December 15, 2025
Castle wars: Relay edition
Nature's many attempts to evolve a Nostr
Can relay-powered socials free us—or just crown new kings
TLDR: The piece argues centralized apps act like castles controlling your data, and Nostr’s relay model tries to break that. Commenters split: some predict new oligarchs via “paid” relays and censorship risks, others cheer the novelty—making this a big debate about who really controls social platforms.
The article paints today’s apps as feudal castles: big cloud servers own your keys, your data, and can pull the drawbridge whenever growth slows. Federation (think email or Mastodon) lets you pick your castle, but network math says the biggest fortresses still end up ruling. Enter Nostr, a relay-based social tech promising dumb pipes and user-owned keys.
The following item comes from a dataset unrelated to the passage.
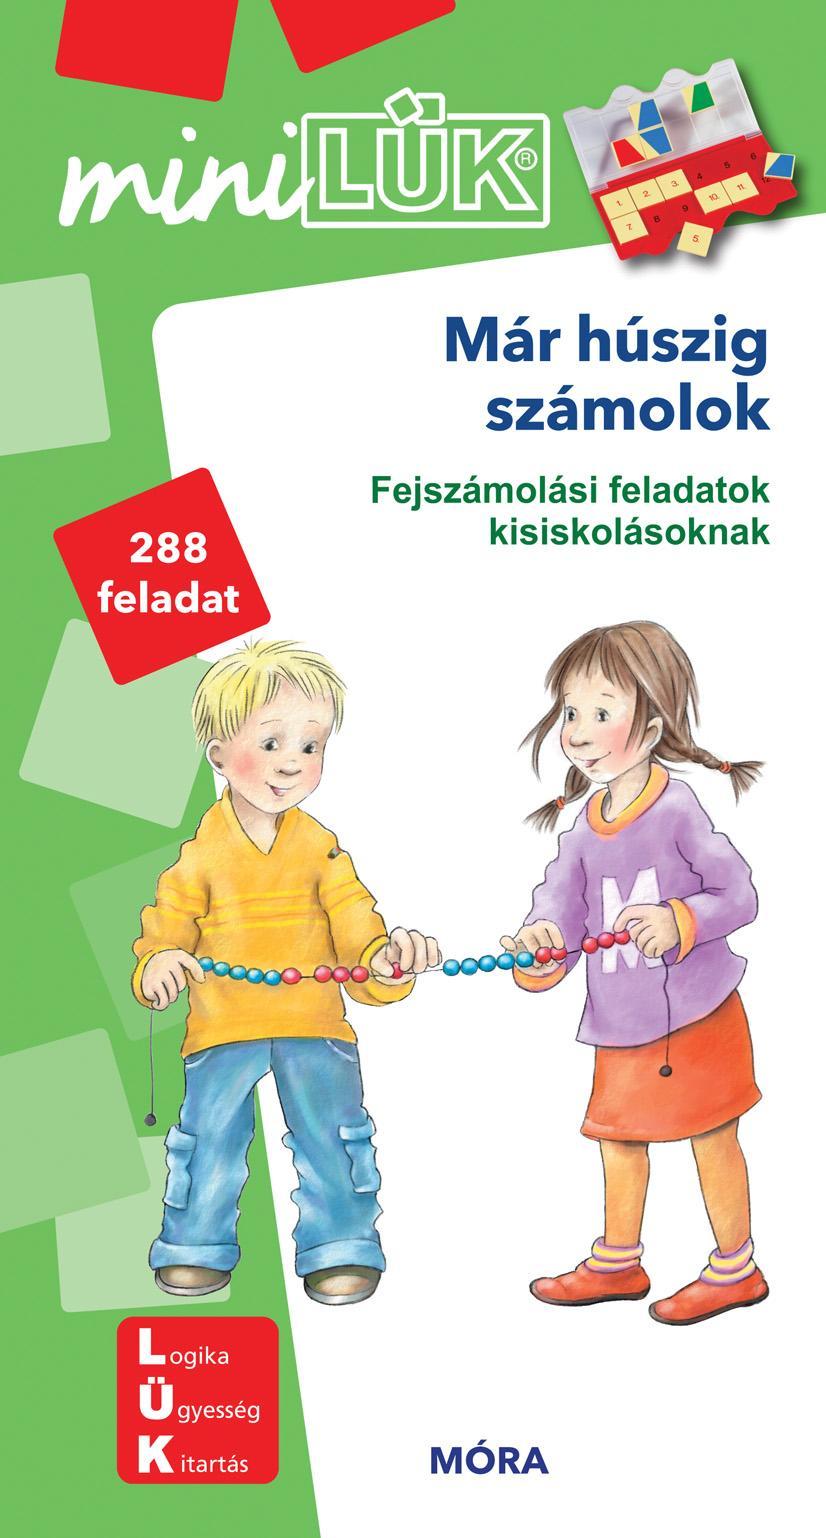 MÁR HÚSZIG SZÁMOLOK - FEJSZÁMOLÁSI FELADATOK KISISKOLÁSOKNAK LDI-207

The crowd? Absolutely split, and absolutely spicy.
Critics went in hot. EgregiousCube predicts Nostr’s “end state” looks just like today’s oligarchs—only the lords are relays and yes, some are already “paid” toll booths. wmf drops a history bomb: peer-to-peer (computer-to-computer) chat existed in 2001, and “there’s nothing stopping” relays from censoring anyway. nunobrito says stop calling them “relays”—they’re basically “database servers.” Meanwhile gaigalas throws a nerdy rose to old-school web design, linking Fielding’s dissertation and calling this the original REST dream. The vibes get philosophical when bflesch warns Nostr ignores human needs like moderation and community norms.
Fans still gush that Nostr feels fresh and fun, but skeptics meme it as “meet the new bosses.” The joke of the day: “Not your keys, not your castle.” The roast: “2001 called—it wants its P2P back.” The drama: who gets the crown when the network grows?
Key Points
- •Modern apps use centralized client–server architectures where servers control user data and cryptographic keys.
- •RFC 9518 defines centralization and highlights the Internet’s design to avoid single controlling entities.
- •Federation enables interoperable communication across servers, exemplified by email, Mastodon, and Matrix.
- •Federation is technically straightforward, leveraging existing infrastructure; e.g., Mastodon runs on Ruby on Rails.
- •Federated networks tend toward oligopolies due to scale-free dynamics: preferential attachment, N^2 scaling, fitness, efficiency, and resilience.